**Supplied data**
* * * * * * *

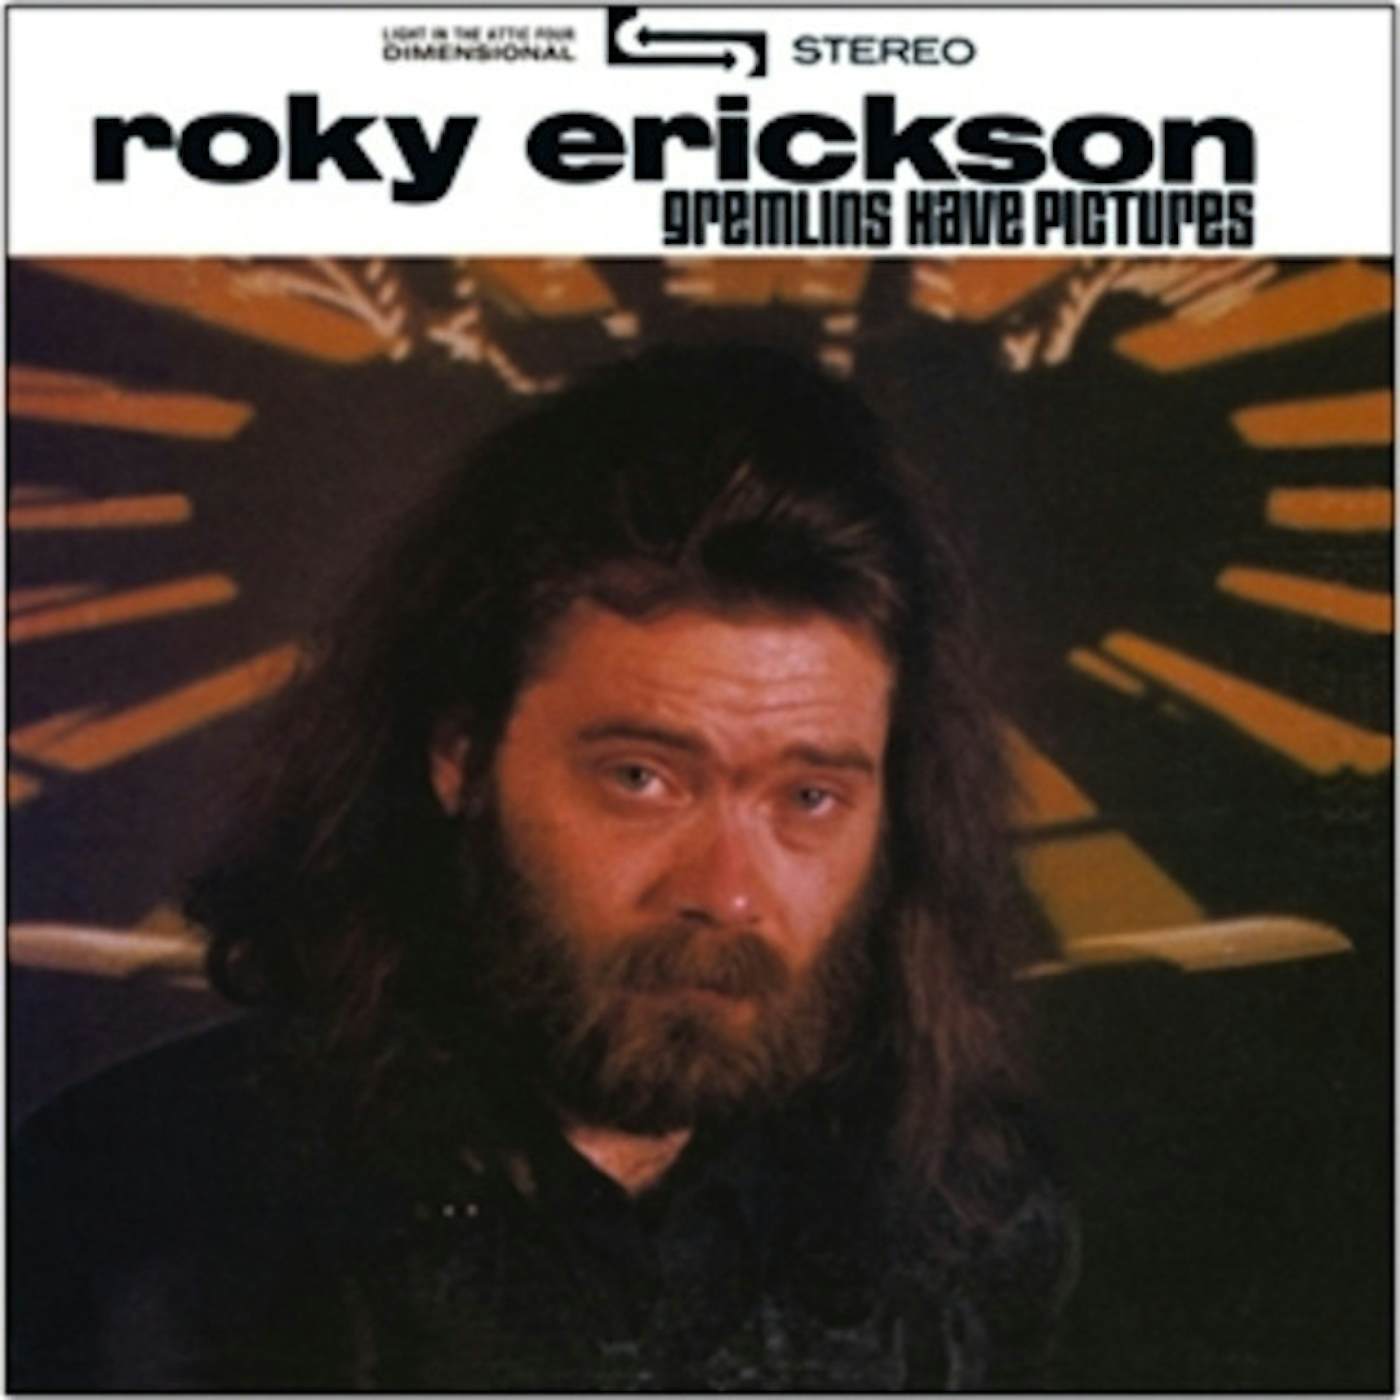 Roky Erickson Gremlins Have Pictures Vinyl Record
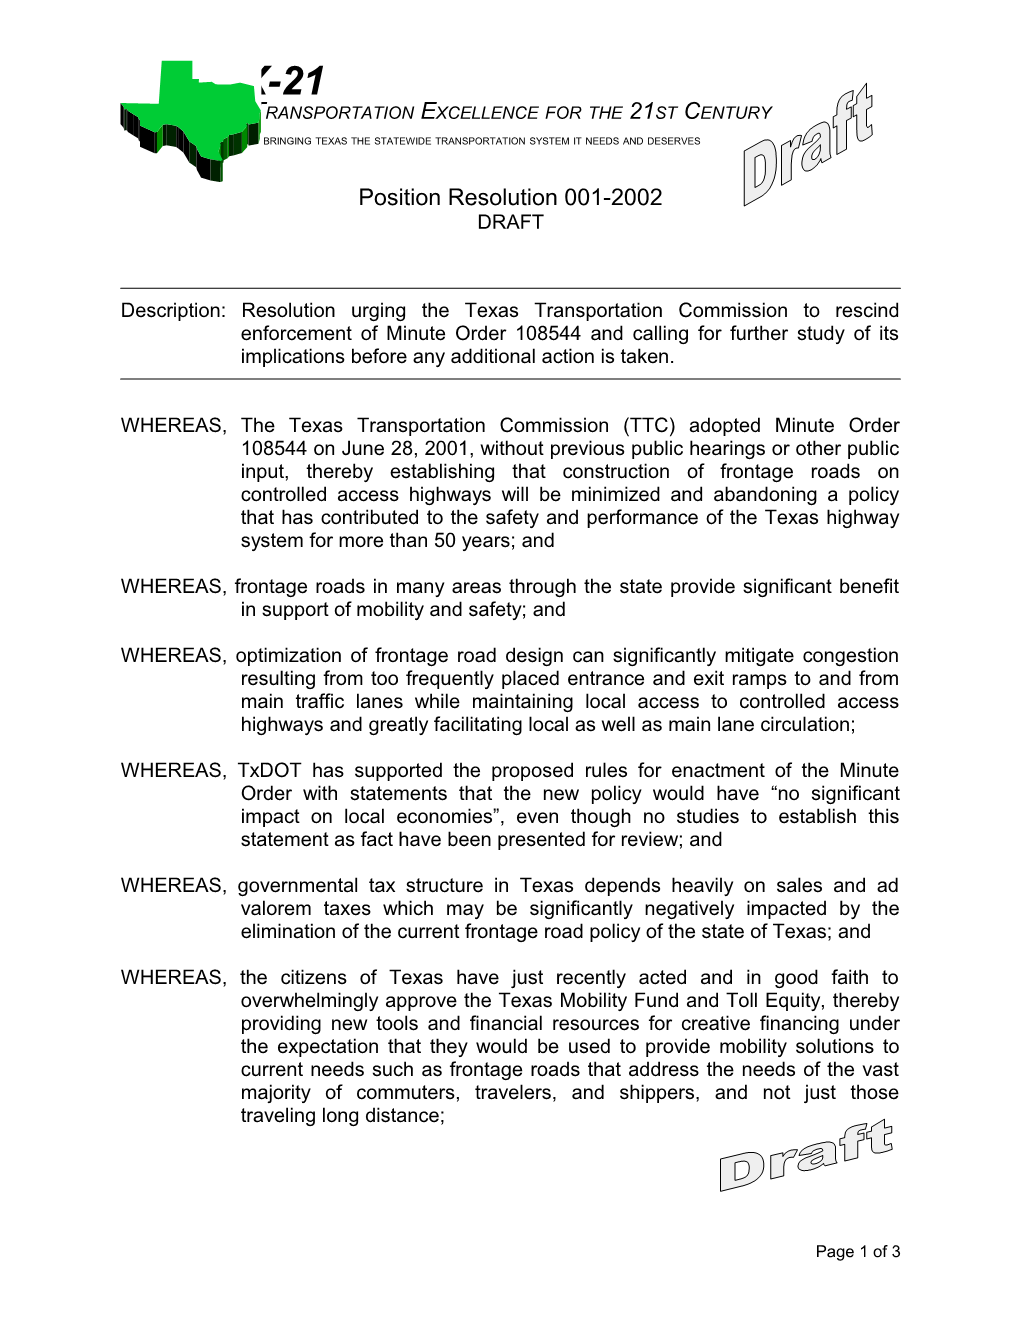 Description: Resolution Urging the Texas Transportation Commission to Rescind Enforcement
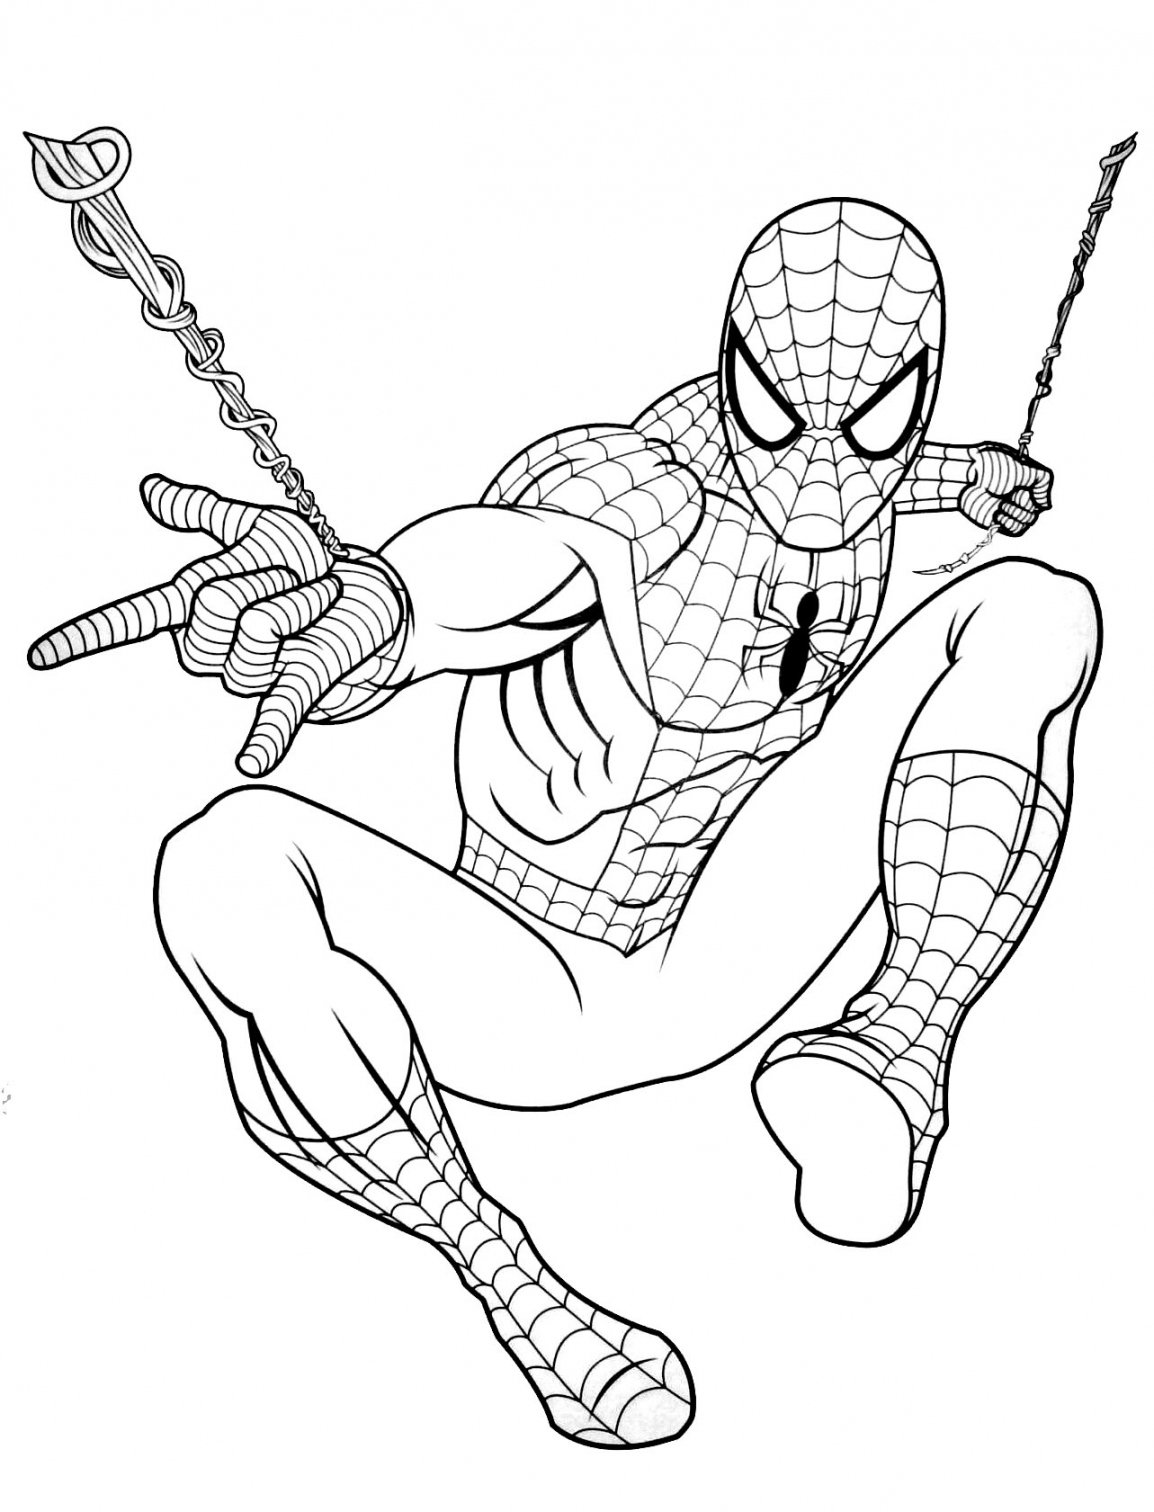 Free Spiderman Coloring Pages Printable - Printable - Free Spiderman drawing to print and color - Spiderman Kids
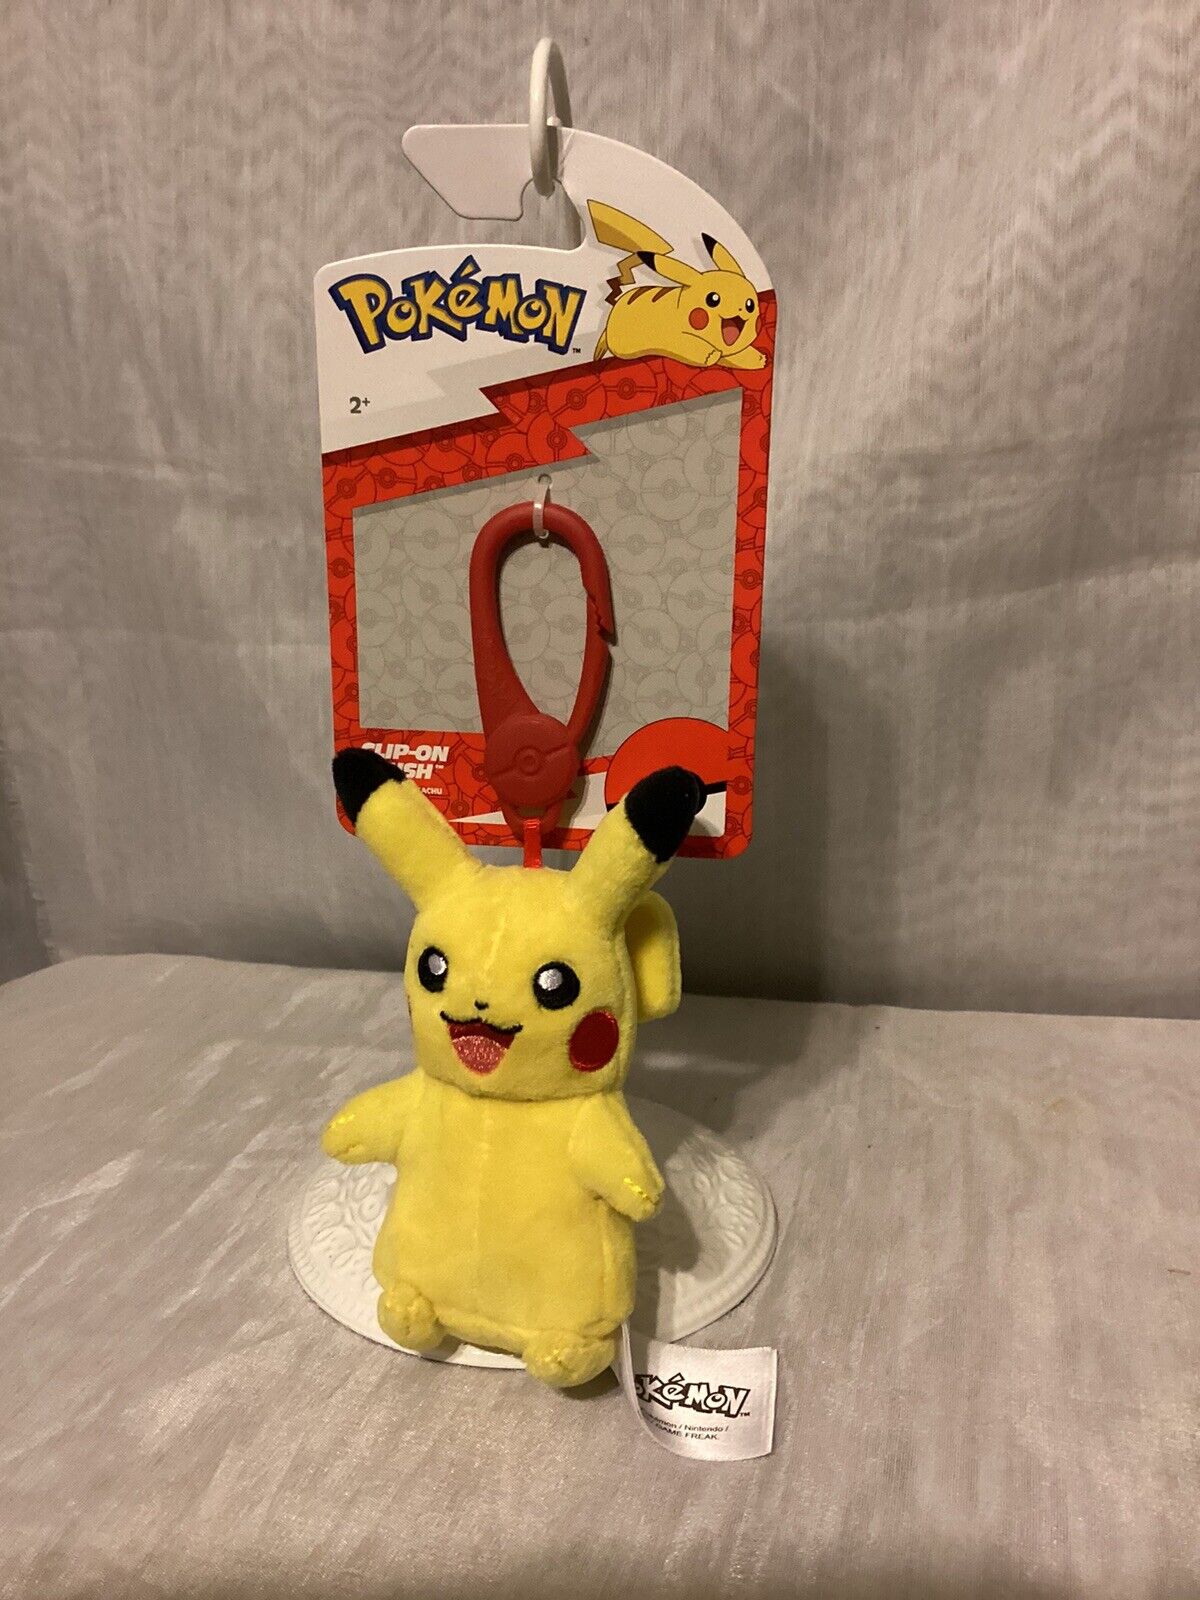  Pokémon “Pikachu” Plush Clip On NWT

* * * * * * *

**Task to carry out**
Everything from the line containing "Description: Resolution Urging" through the end of the data should be printed exactly, line for line, except the pictures.

**Result for this exercise**
 Description: Resolution Urging the Texas Transportation Commission to Rescind Enforcement
 Free Spiderman Coloring Pages Printable - Printable - Free Spiderman drawing to print and color - Spiderman Kids
  Pokémon “Pikachu” Plush Clip On NWT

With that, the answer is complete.